Plywood is often used for wall or floor decoration. It is the last option that happens most often. Then the work is done like this:

  • Plywood is chosen with high strength and moisture resistance.
  • Multilayer waterproofing is pre-laid on the sheets.
  • Correct installation requires the use of a special two-component adhesive. It is able to withstand the shrinkage process.
  • The event itself takes place according to the principle of working with walls and floors.

Plywood is often used for leveling the floor, which is why it becomes the basis for laying tiles.

This option has the following advantages:

  1. The load is reduced and the need for a cement layer disappears.
  2. The operating time is reduced.
  3. The adhesive is an additional layer of waterproofing.

When using wood-based panels, you cannot arrange a warm floor.

Laying on GVL boards

Gypsum sheets allow you to create a reliable base that will not deteriorate over time. This cannot be said for drywall, which requires additional processing.

Gypsum sheets serve as a reliable base for laying tiles

Laying tiles with your own hands on GVL plates is as follows:

  • A reliable metal frame is created on which sheets of material are laid.
  • It is possible to lay the tiles only with the help of a special composition, which was created precisely for such works.
  • Further activities look the same as in the previous cases.

Next, wait for the surface to dry and grout.

Grouting after tiling

Laying tiles on the floor with your own hands

The floor, before laying ceramic tiles on it, will also need to be leveled. Almost by analogy with the walls, but only by the screed method.

With minor irregularities of the floor surface, only self-leveling is needed - a ready-made dry mortar.

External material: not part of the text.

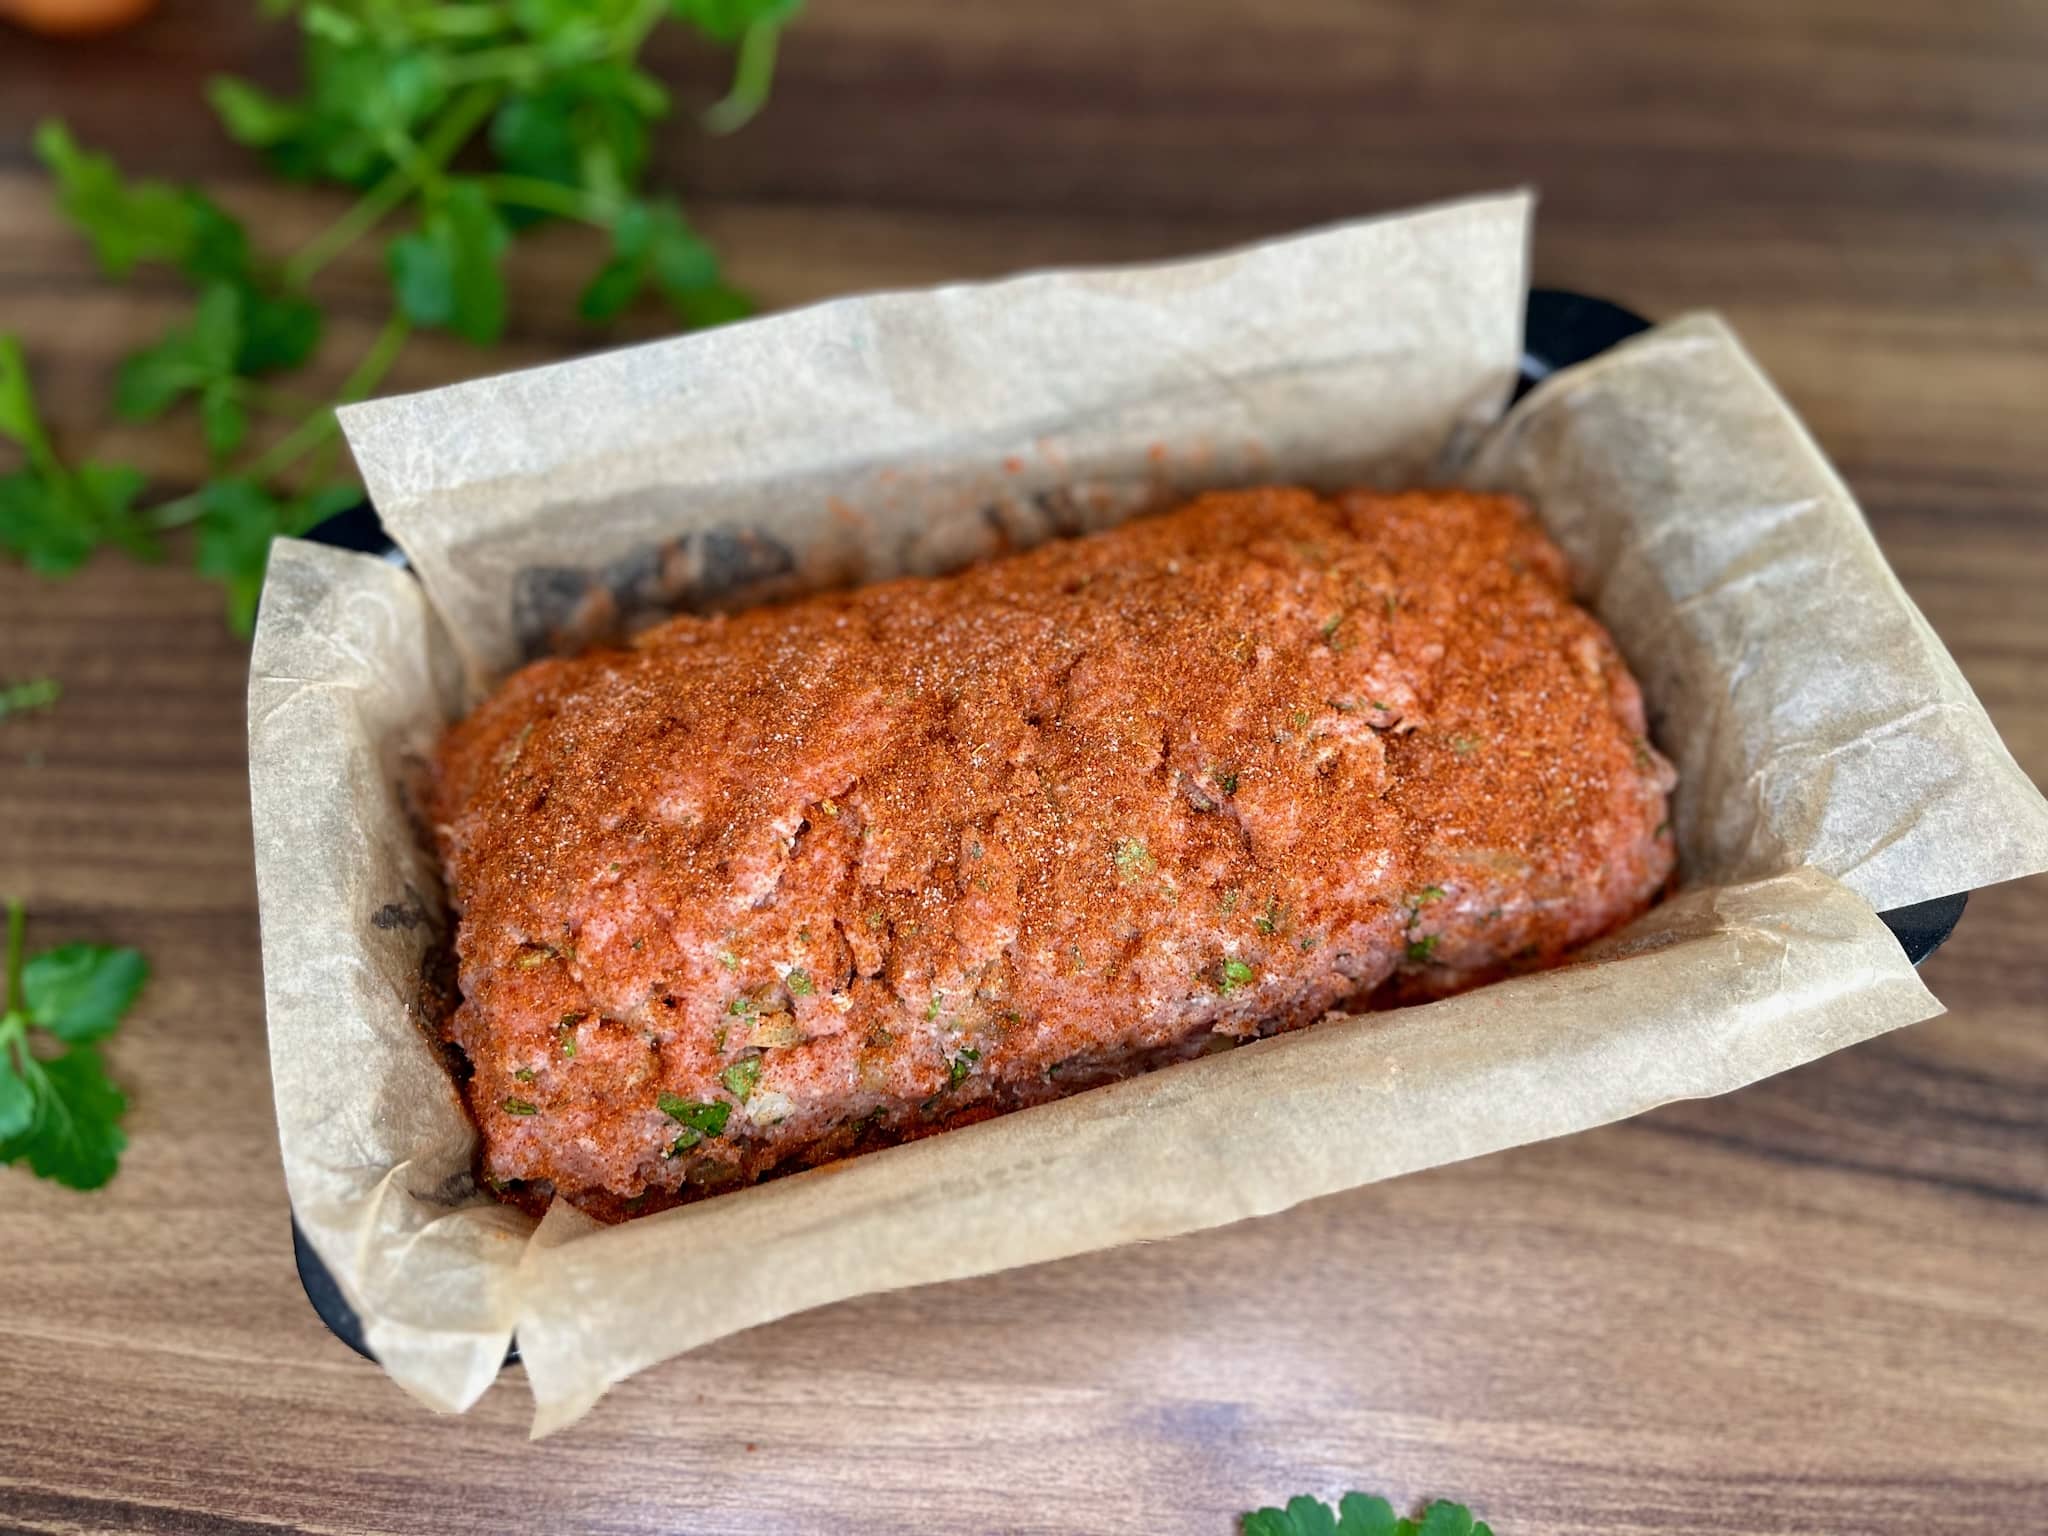 Meatloaf in a tin dusted with paprika ready for baking

It will need to be sealed with water and laid out on the floor. And this screed itself will level the surface.

If the irregularities on the floor are serious, there are tangible differences in level, it will be necessary to level the surface with a screed along the beacons. A solution of a cement-sand mixture.

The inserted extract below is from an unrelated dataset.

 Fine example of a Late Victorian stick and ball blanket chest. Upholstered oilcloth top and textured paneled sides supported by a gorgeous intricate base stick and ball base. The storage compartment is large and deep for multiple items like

With a concrete floor, everything is simple and clear, but with a wooden floor, it is more complicated.The fact is that laying tiles on old boards is by no means recommended. It is necessary to lay new ones with a thickness of at least 2.5 cm. In this case, the wooden surface must be cleaned and treated with special impregnations against fungus, water and rot. A waterproofing layer must be laid on top of the tree. You can take roll material, or you can use compounds for spreading on the surface. Next, a reinforcing mesh is placed, and after it concrete is poured. And you will have to wait until the screed hardens.

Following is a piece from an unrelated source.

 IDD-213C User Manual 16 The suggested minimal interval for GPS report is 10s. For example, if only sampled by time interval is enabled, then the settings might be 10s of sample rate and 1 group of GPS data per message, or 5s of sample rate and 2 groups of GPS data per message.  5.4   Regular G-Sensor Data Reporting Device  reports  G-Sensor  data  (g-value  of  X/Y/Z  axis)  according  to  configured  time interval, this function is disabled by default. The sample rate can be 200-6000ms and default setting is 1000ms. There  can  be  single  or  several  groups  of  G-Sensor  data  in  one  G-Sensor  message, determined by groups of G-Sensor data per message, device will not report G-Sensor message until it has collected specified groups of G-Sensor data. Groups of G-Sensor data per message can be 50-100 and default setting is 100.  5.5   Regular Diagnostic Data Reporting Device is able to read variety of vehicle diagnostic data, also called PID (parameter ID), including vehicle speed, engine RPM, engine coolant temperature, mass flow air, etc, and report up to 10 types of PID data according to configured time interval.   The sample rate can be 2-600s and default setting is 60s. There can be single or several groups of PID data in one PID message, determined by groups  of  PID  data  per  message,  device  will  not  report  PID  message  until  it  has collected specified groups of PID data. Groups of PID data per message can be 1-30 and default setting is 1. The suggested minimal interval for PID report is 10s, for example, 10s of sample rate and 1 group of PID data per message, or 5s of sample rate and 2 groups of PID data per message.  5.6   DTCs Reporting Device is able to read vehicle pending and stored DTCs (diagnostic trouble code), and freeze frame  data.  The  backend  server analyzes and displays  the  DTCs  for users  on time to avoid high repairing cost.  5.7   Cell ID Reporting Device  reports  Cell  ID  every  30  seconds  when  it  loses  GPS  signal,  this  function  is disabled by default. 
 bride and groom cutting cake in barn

In general, concrete takes at least 4 weeks to harden (and not dry out). Only special plasticizing additives for solutions can speed up the process.

Once the preparatory steps are completed, you can start laying the tiles. How to install tiles on the floor? Step by step, of course:

  1. Prepare tile adhesive by kneading the selected dry mixture as written on its packaging. And you need to do exactly as much as you plan to spend, which is called "at a time."
  2. Apply the correct amount of adhesive to the back of the tile and spread over the entire surface with a special notched trowel.
  3. Glue the tiles to the floor, starting from the far corner of the room and moving towards the exit.
    The evenness of the installation is checked in each row. The width of the seams is also controlled.

Regardless of where you had to lay the tiles yourself - on the floor or on the walls, as soon as the process is completed, you need to perform another mandatory finishing operation - jointing. That is, fill the resulting seams with a special composition of a certain shade.

This is done for both practical and decorative purposes. And experts do not recommend saving on a fugue, otherwise the seams will crack.

Seams are joined using a special spatula or a special sponge. The mixture is prepared according to the recipe printed on each package. And after the composition dries, its excess is gently washed off the tile with plain water.